This Month in History: Glimpses into Pacific Beach’s past
This Month in History is a feature in PB Monthly highlighting local happenings from yesteryear. John Fry is a writer, publisher, historian plus co-founder and president of the Pacific Beach Historical Society. He also is the author of “Images of America: Pacific Beach” and “Pacific Beach Through Time.” He can be reached at firstname.lastname@example.org.
125 years ago
Miss Mabel Rowe sued the San Diego, Old Town and Pacific Beach Railroad for $5,000, blaming them for an accident that occurred on Dec. 7, 1895. On that date she was thrown from a buggy when her horse became frightened by a deep excavation.
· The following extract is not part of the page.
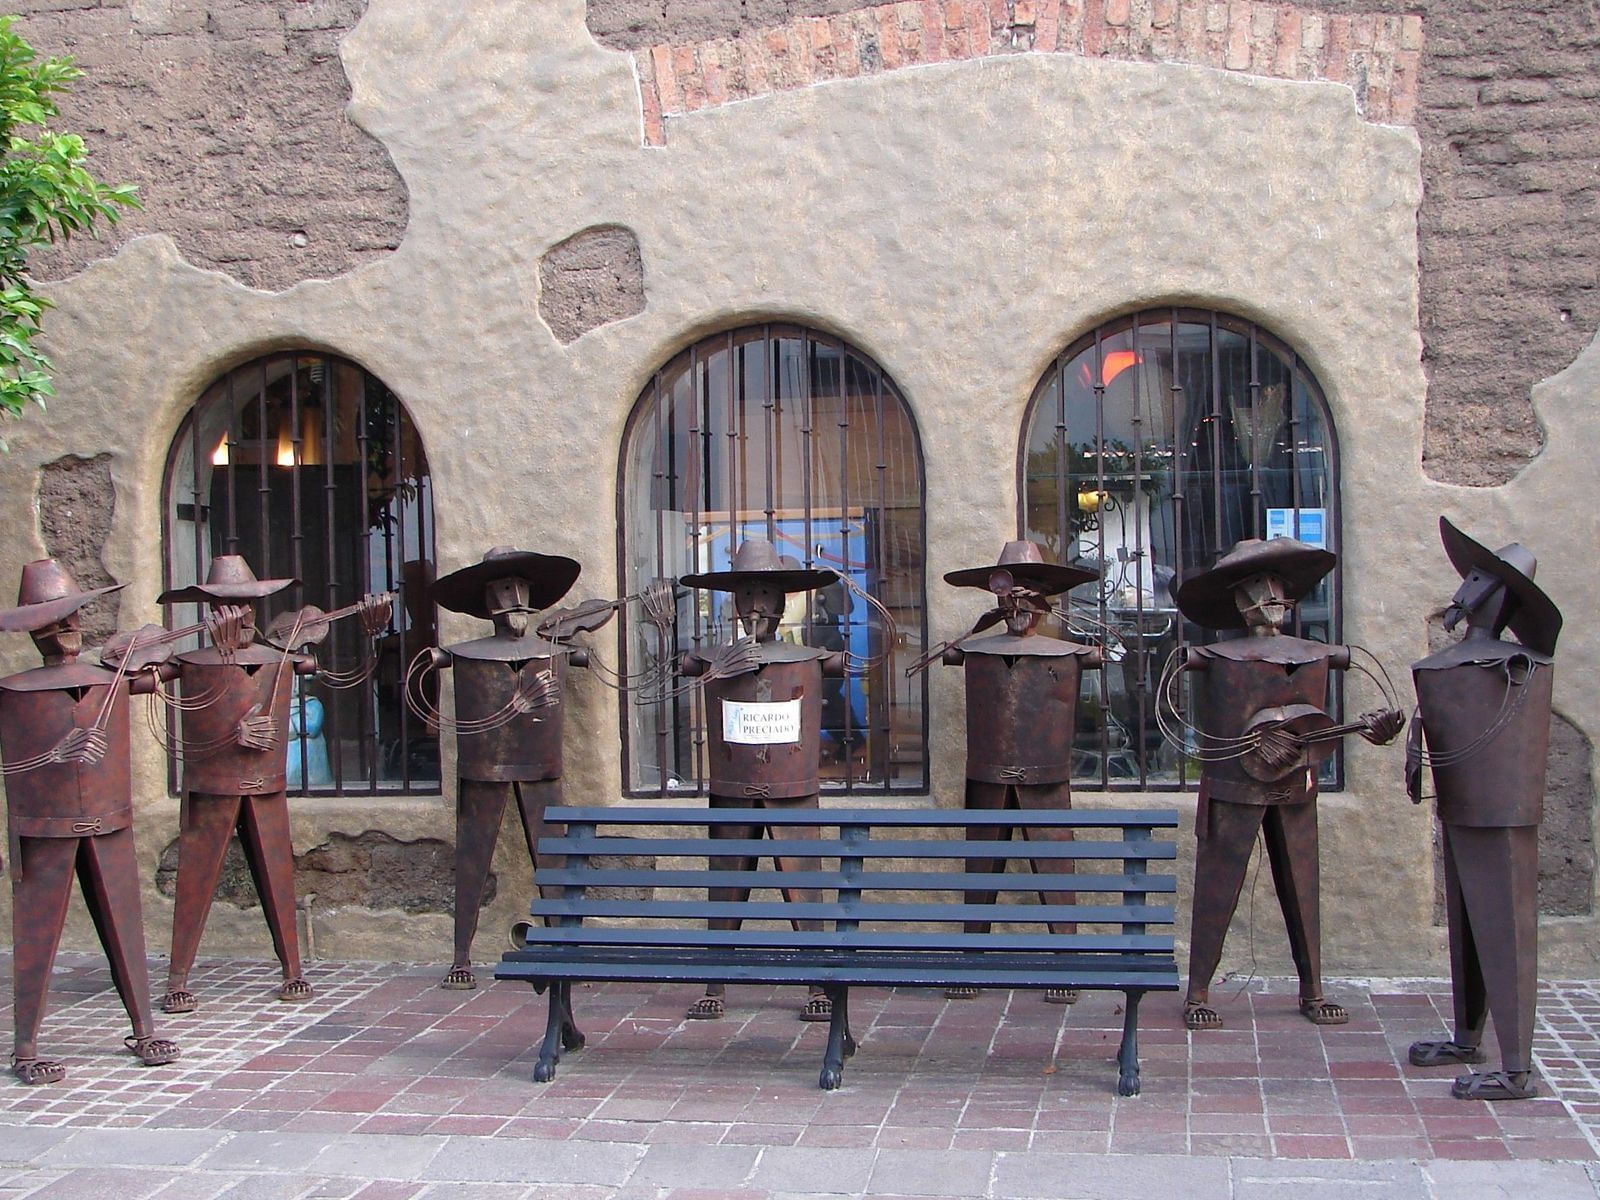 Models of soldiers, Plaza De Los Mariachis, Hotel Guadalajara

She was thrown onto the railroad tracks and suffered serious injuries.
100 years ago
Tiger, a 22-year old cat belonging to Mr. and Mrs. J. J. Richert, passed away on the last day of 1922. He was perfectly healthy days before his death. Mrs. Richert said she believes Tiger did himself in by “eating too much Christmas dinner.”
Young adults in Pacific Beach remembered Tiger as a kitten when they were little. He was a special favorite of cadets from the nearby Army & Navy Academy.
75 years ago
A 5-year-old boy who wanted to get his mom a new dress for Christmas was captured as a burglar as he entered Dorothea’s Dress Shop, 1428 Garnet Ave., before opening hours on Dec. 17.
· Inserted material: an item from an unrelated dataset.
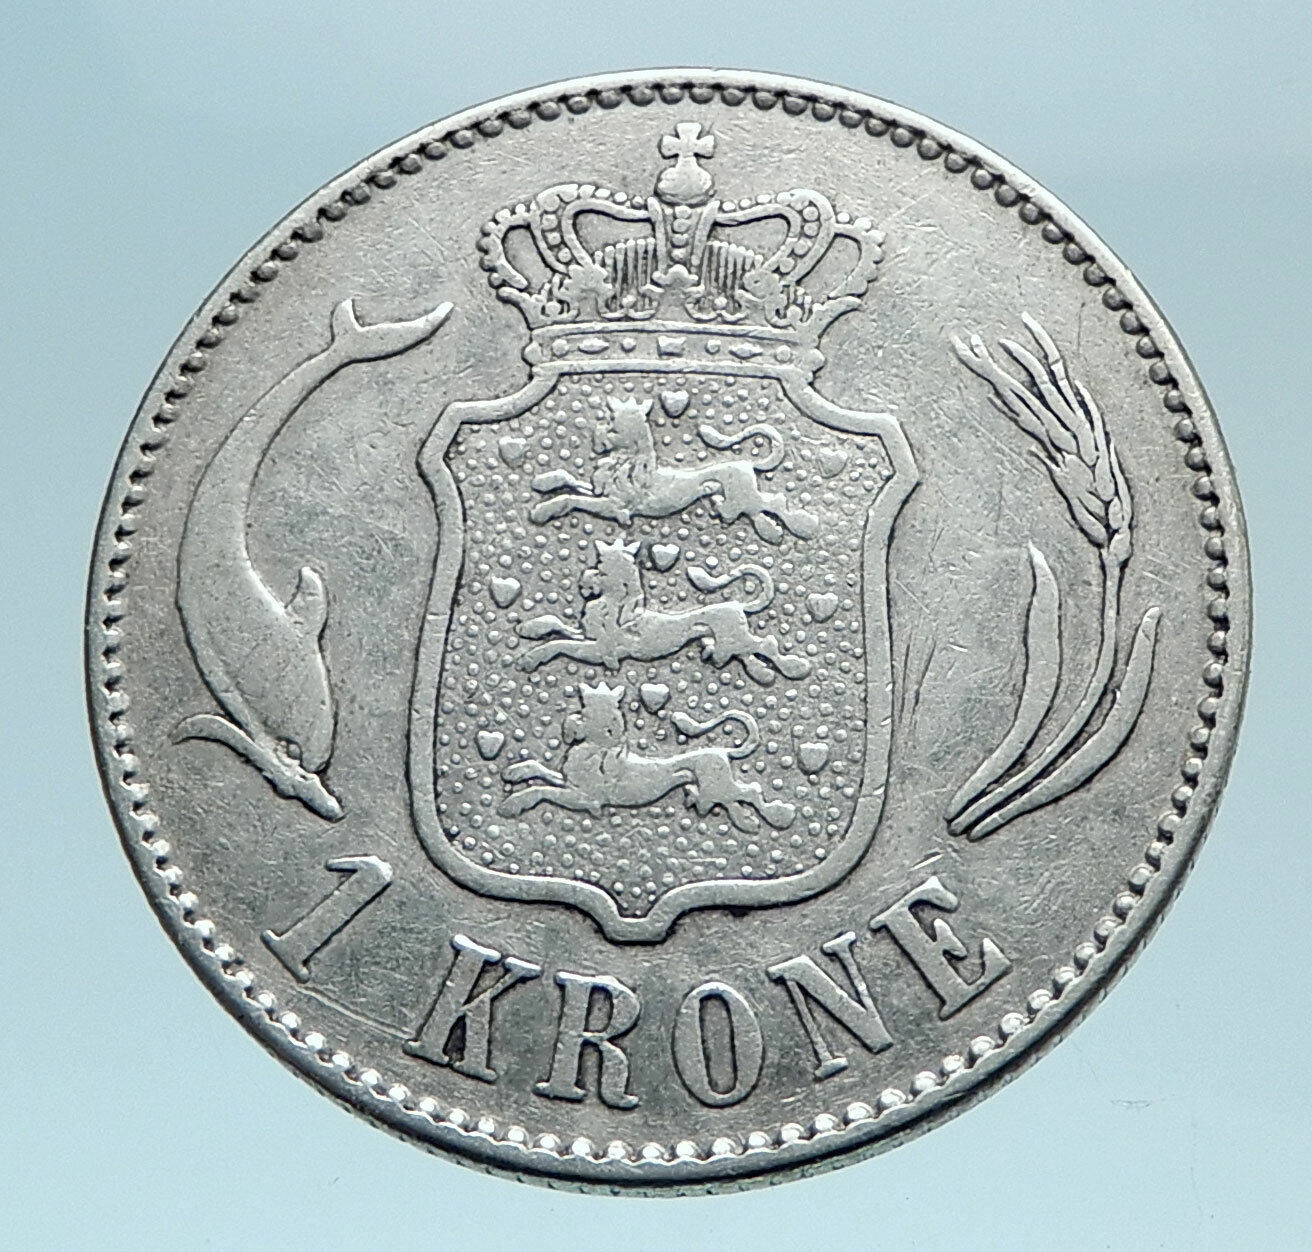 1915 DENMARK King CHRISTIAN X Crown Genuine Antique Silver 1 Krone Coin i78295

The 3-foot, 4-inch youngster told Patrolman Robert Kilpatrick he had not saved enough money to buy his mother a present, so he was going to steal one for her. The boy had also broken into a barber shop and a gun shop, but said he didn’t find anything he thought his mom would like.
50 years ago
An ad in the North Shores Sentinel advertised Christmas Brunch at Vacation Village for $2.95. Christmas Dinner was priced at $4.25.
Jack-in-the-Box said it would throw in a free cup of coffee to anyone who purchased a 49¢ Breakfast Jack at any of its three beach area locations — Garnet and Lamont, Mission Boulevard and Pacific Beach Drive, or Mission Boulevard and West Mission Bay Drive.